The Tecra sat for years on my desk, though I used it less and less, and replaced it with an IBM T42 about a year and half ago. With a 166MHz processor, 64MB of RAM, a 2GB hard drive, and Windows 98b the Tecra had become a door stop long ago. It was a solid machine, though, and I miss its presence in a strange way. A lot of good, and bad, times flew from my fingers into its keyboard, to wife, relatives, friends, and clients.


Posted by Paul at 08:21 PM

February 12, 2007

Sustainable Planning

Sustainability: Planning's Redemption or Curse?
Author: Michael Gunder, PhD

An excellent comment on how too often planners leave out the environmental and social equity components of sustainability in favor of the economy.

"Sustainability is often defined as a balance of the three E's: the environment, the economy, and social equity. But as planners embrace the concept, the sustainability 'balance' heavily favors one E: the economy. Michael Gunder warns that planners risk sacrificing the environment and social equity in the name of sustainable economic development."

Posted by Paul at 09:55 PM

February 10, 2007

Deer Lake in Mid-Winter

Yumi and I roamed around Burnaby's Deer Lake this afternoon for the first time in months. Five years ago we lived much closer to this beautiful park and used to walk it several times a week, so it was like visiting an old friend.

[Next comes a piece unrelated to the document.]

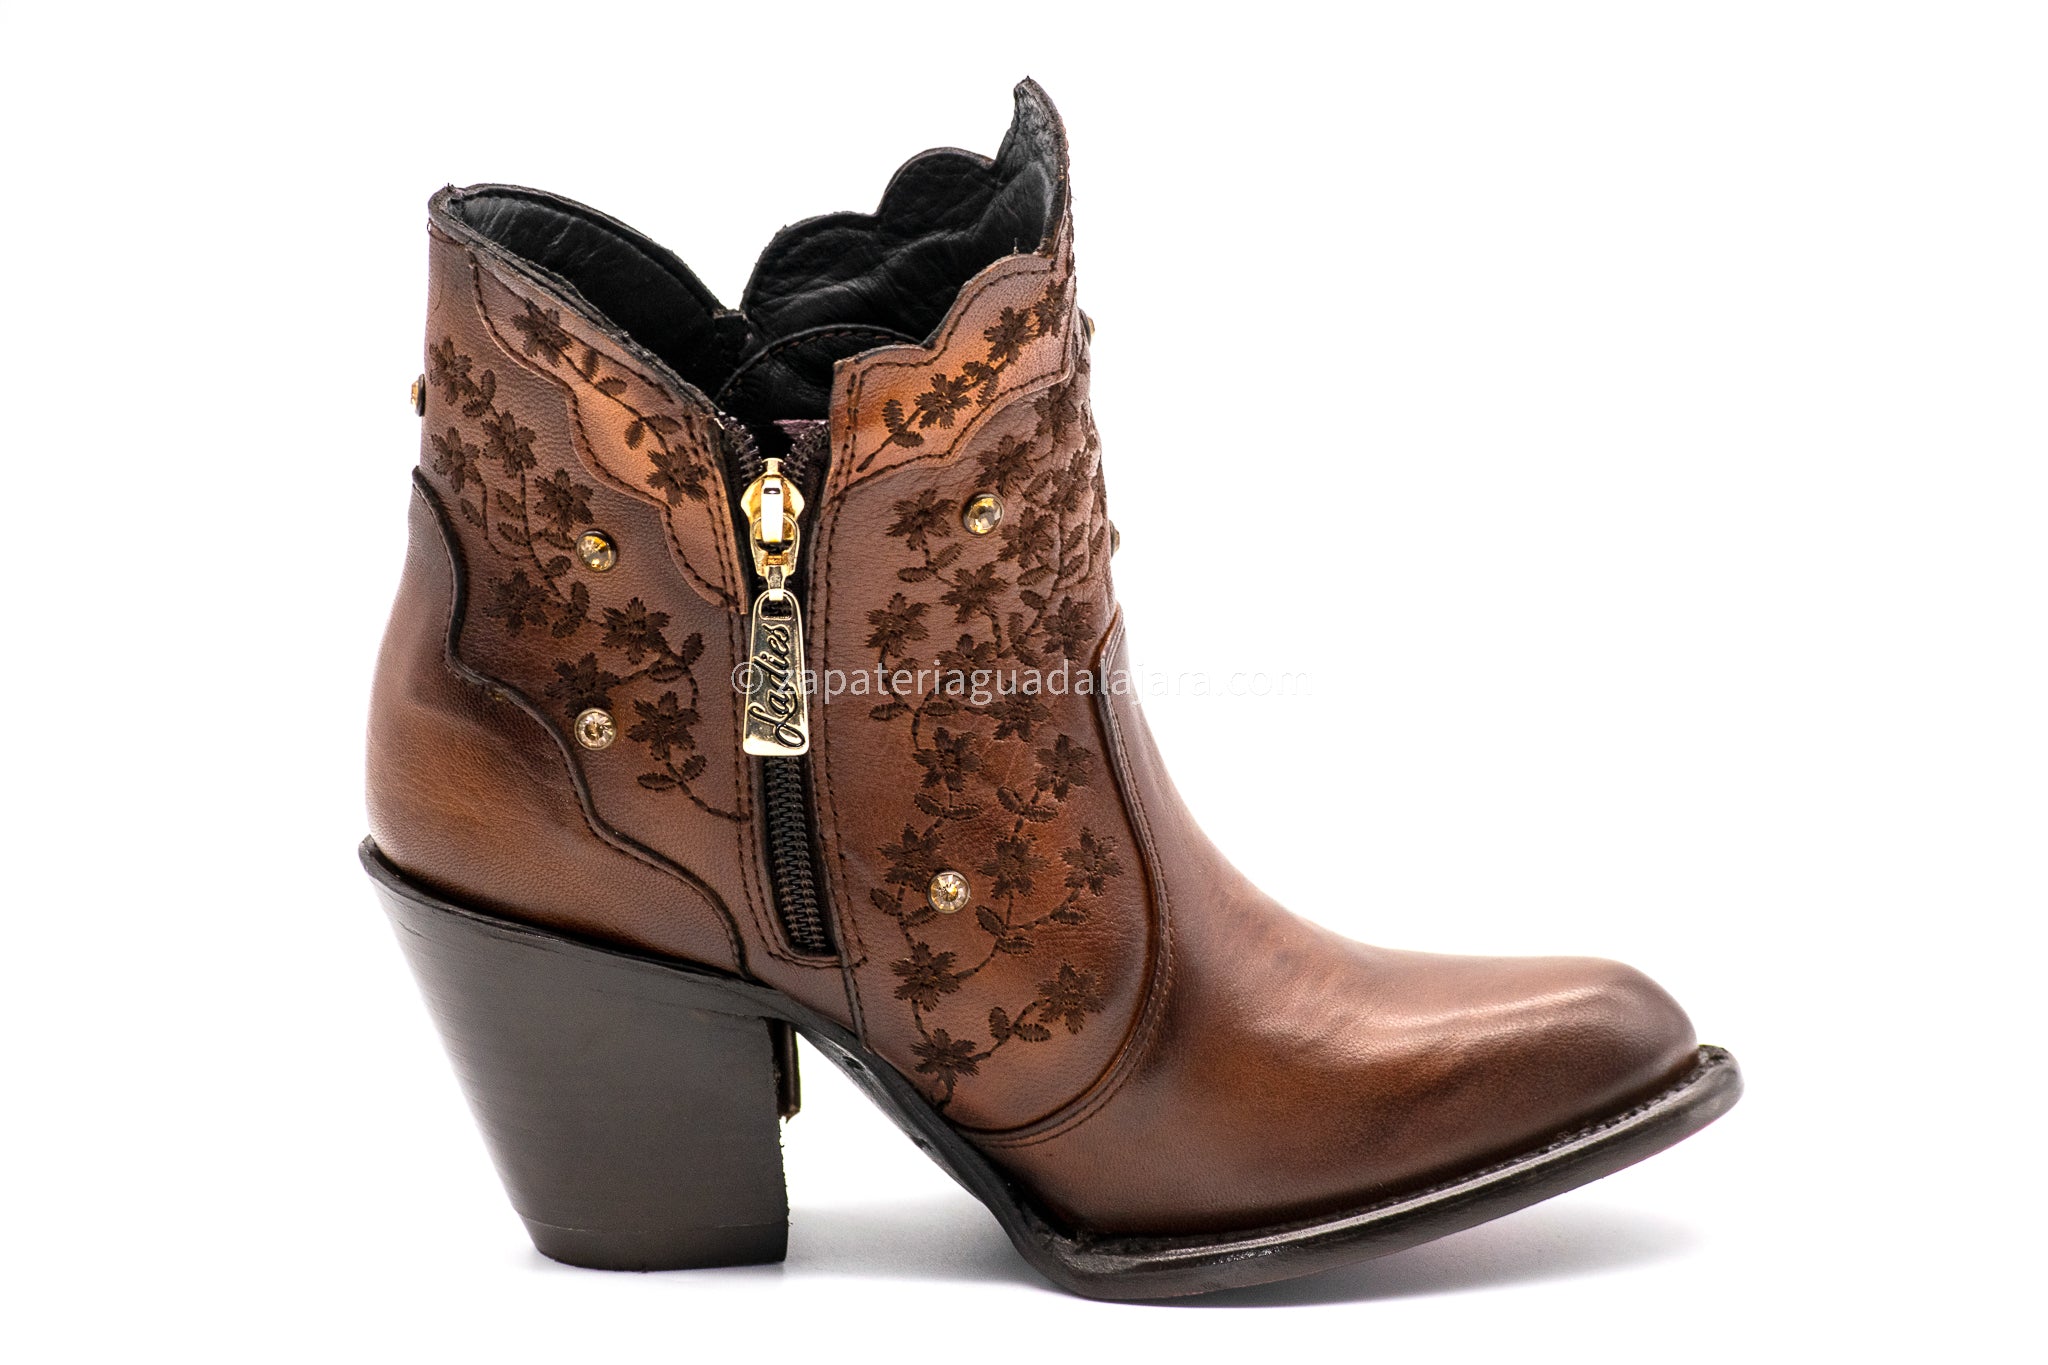 QC-252 RODEO BELT HONEY  Genuine Leather Cowboy Boots and Hats — Zapateria  Guadalajara

The view to the northeast from the upper meadow beneath where the penitentiary used to be.

The old ditches on the former pen farm are clearly visible amongst the flattened vegetation in the winter sun.

An old fence gradually decays next to a road.

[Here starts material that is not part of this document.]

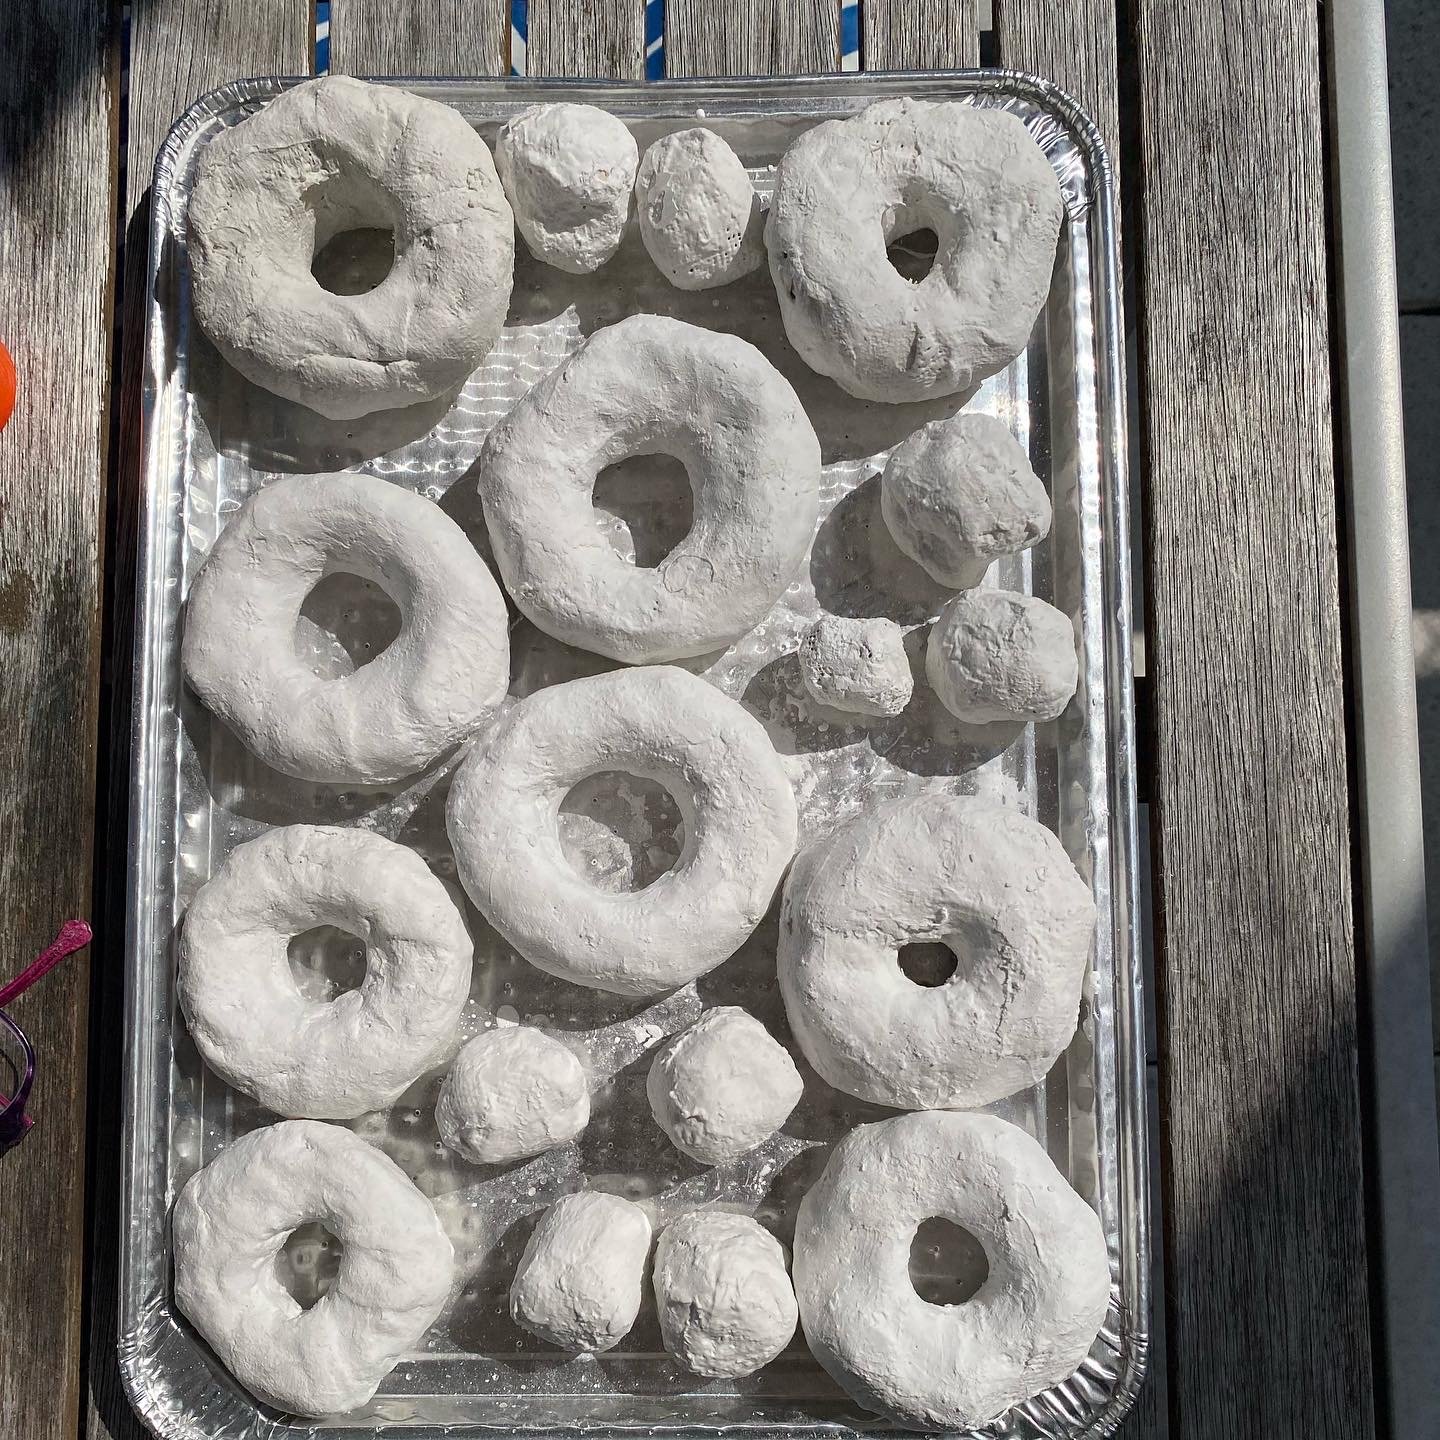 Plaster donuts made by class

A leaning tree extends over the lake.

A gorgeous pileated woodpecker looks for lunch.

Posted by Paul at 09:22 PM

February 09, 2007

Review: Bush Telegraph

Bush Telegraph: Discovering the Pacific Province
by Stephen Hume

This is a gem of a collection of essays by Stephen Hume about British Columbia, ranging from history to nature to even a few recipes for native berries. Hume has a nose for tales that reveal the human condition and our relationship to the geography and history of this amazing province. From the wisdom of first nations to the aspirations of early immigrants, these stories are pictures into the human soul and our relationship with the ocean and land around us. Hume's prose displays an intense dedication to his craft and is a joy to read.

Posted by Paul at 09:10 PM

February 08, 2007

CNIB, Howie's Bistro Host Board of Trade Event

The CNIB and Howie's Bistro and Bar hosted a networking reception for the Burnaby Board of Trade tonight. The food at Howie's was good, and the CNIB presentation was informative, including information about hiring people with vision issues. The BBOT has been growing by leaps and bounds over the last year or two, and it was great to see lots of people out for the event. Unfortunately I had to leave early to get another meeting.

Posted by Paul at 10:26 PM

February 03, 2007

Atlantic Salmon in Saskatchewan?!

I was skimming an issue of Outdoor Canada and was blown away to read that Atlantic Salmon have been farmed in Lake Diefenbaker in Saskatchewan and anglers have caught escapees in the Saskatchewan River. I don't understand why people continue to introduce non-native species all over the place. It just seems such a no-brainer that this sort of tampering with nature will have negative consequences.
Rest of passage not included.